George Augustus Vaughn Jr. (May 20, 1897 – July 31, 1989) was an American fighter ace in World War I and Distinguished Service Cross, Britain's Distinguished Flying Cross, and Silver Star recipient.
Vaughn was America's second-ranking Air Service ace to survive the war.

==Early life==
Vaughn was born in Brooklyn and attended Adelphi Academy. Upon graduating in 1915 he entered Princeton University. While at Princeton Vaughn learned how to fly Curtiss Jenny biplanes.

==World War I==
After some training with the RAF, and an interim post ferrying aircraft to France, Vaughn was posted in May 1918 to No. 84 Squadron RAF, based in Bertangles and commanded by Sholto Douglas. He was attached to "B" flight, led by Hugh "Dingbat" Saunders, the sometimes-wingman to RAF ace Andrew Beauchamp-Proctor (along with Philadelphia-born Joseph "Child Yank" Boudwin), all three pilots flying the Royal Aircraft Factory S.E.5a. Vaughn claimed seven air victories in his time with 84 Squadron.

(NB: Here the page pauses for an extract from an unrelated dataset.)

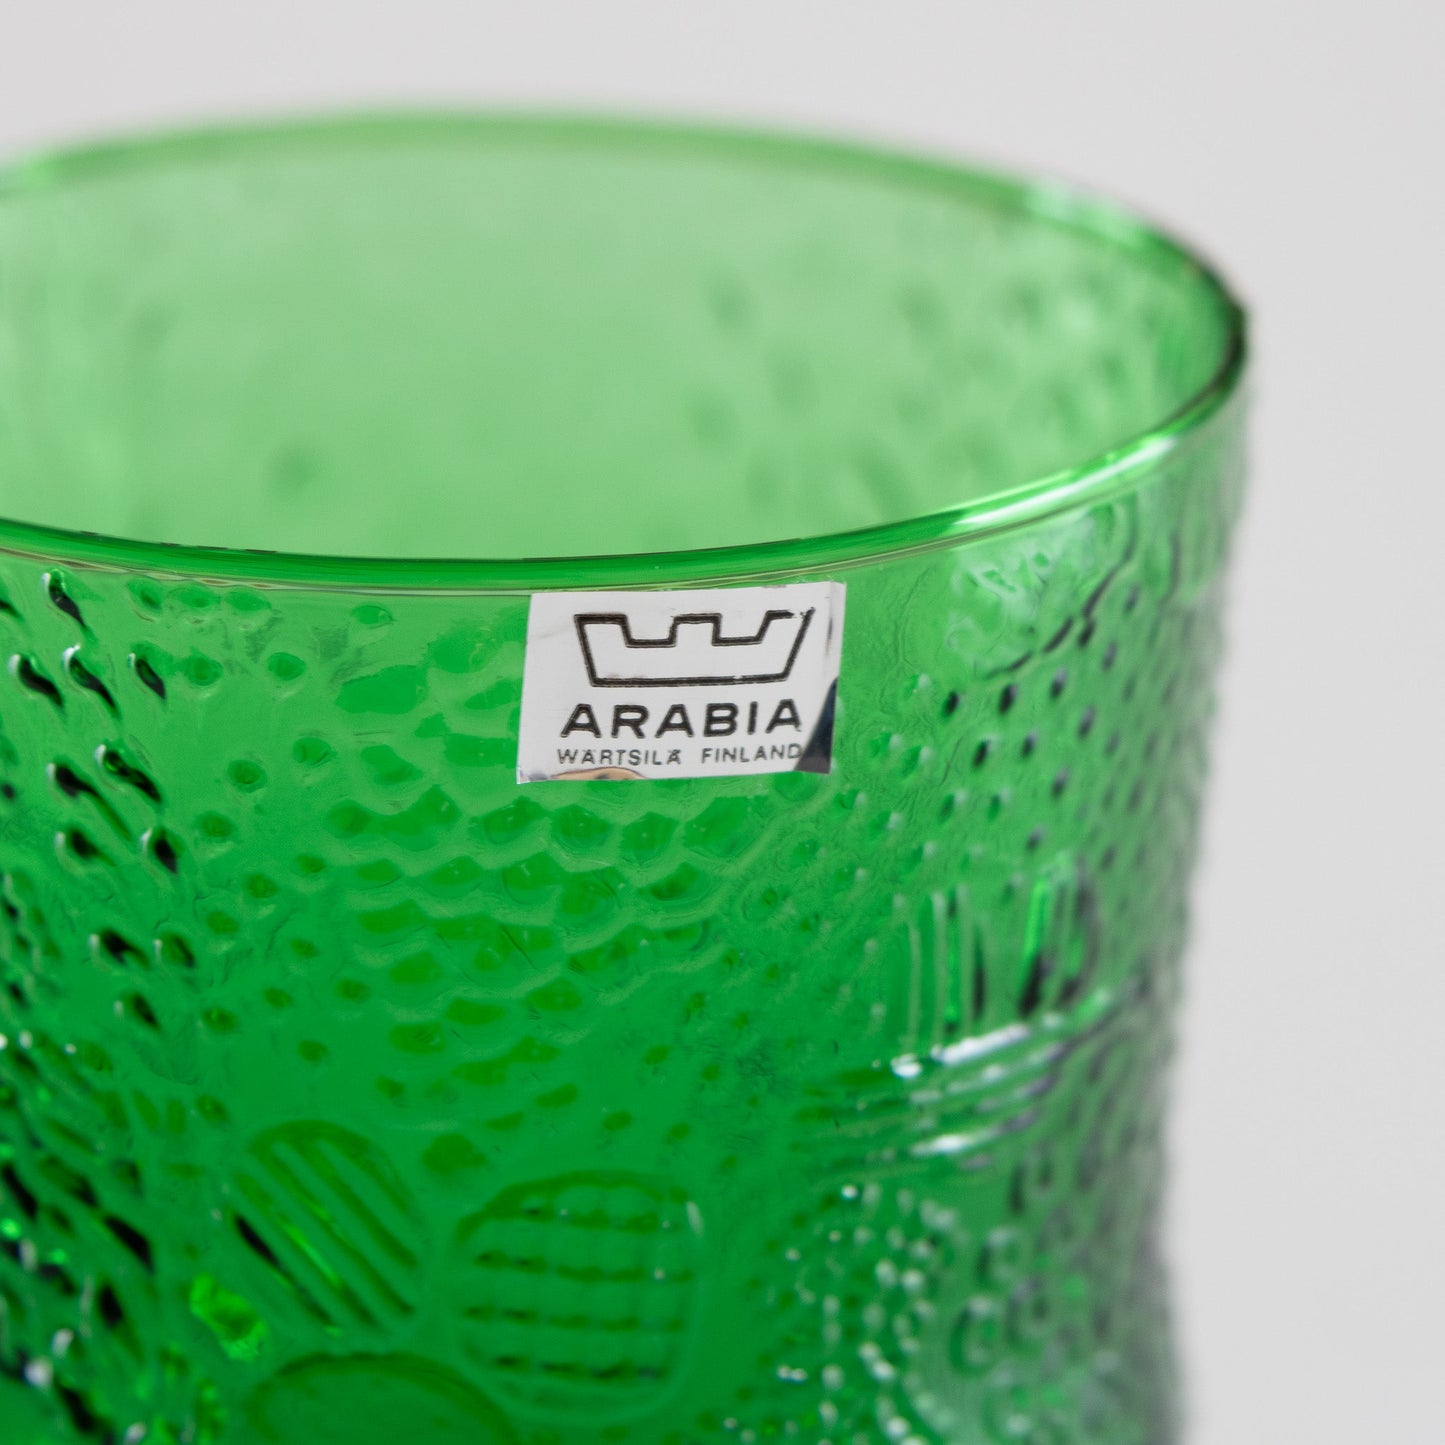 fauna (ファウナ) glass / arabia (アラビア)

In August 1918, Vaughn was transferred to the 17th Aero Squadron, United States Air Service, where he flew the Sopwith Camel, claiming another six victories.

Vaughn was America's second-ranking Air Service ace to survive the war.
He is credited with downing four German planes destroyed, seven shared destroyed, one kite balloon destroyed and one aircraft "out of control". One of the German pilots he shot down was Friedrich T. Noltenius, a 21-victory ace, on September 22, 1918.

In November 1919, Vaughn was presented with the Distinguished Flying Cross by the Prince of Wales aboard H.M.S. Renown, anchored in New York harbor.

Vaughn's memoirs were published in a book called: War Flying in France, edited and annotated by Marvin L. Skelton.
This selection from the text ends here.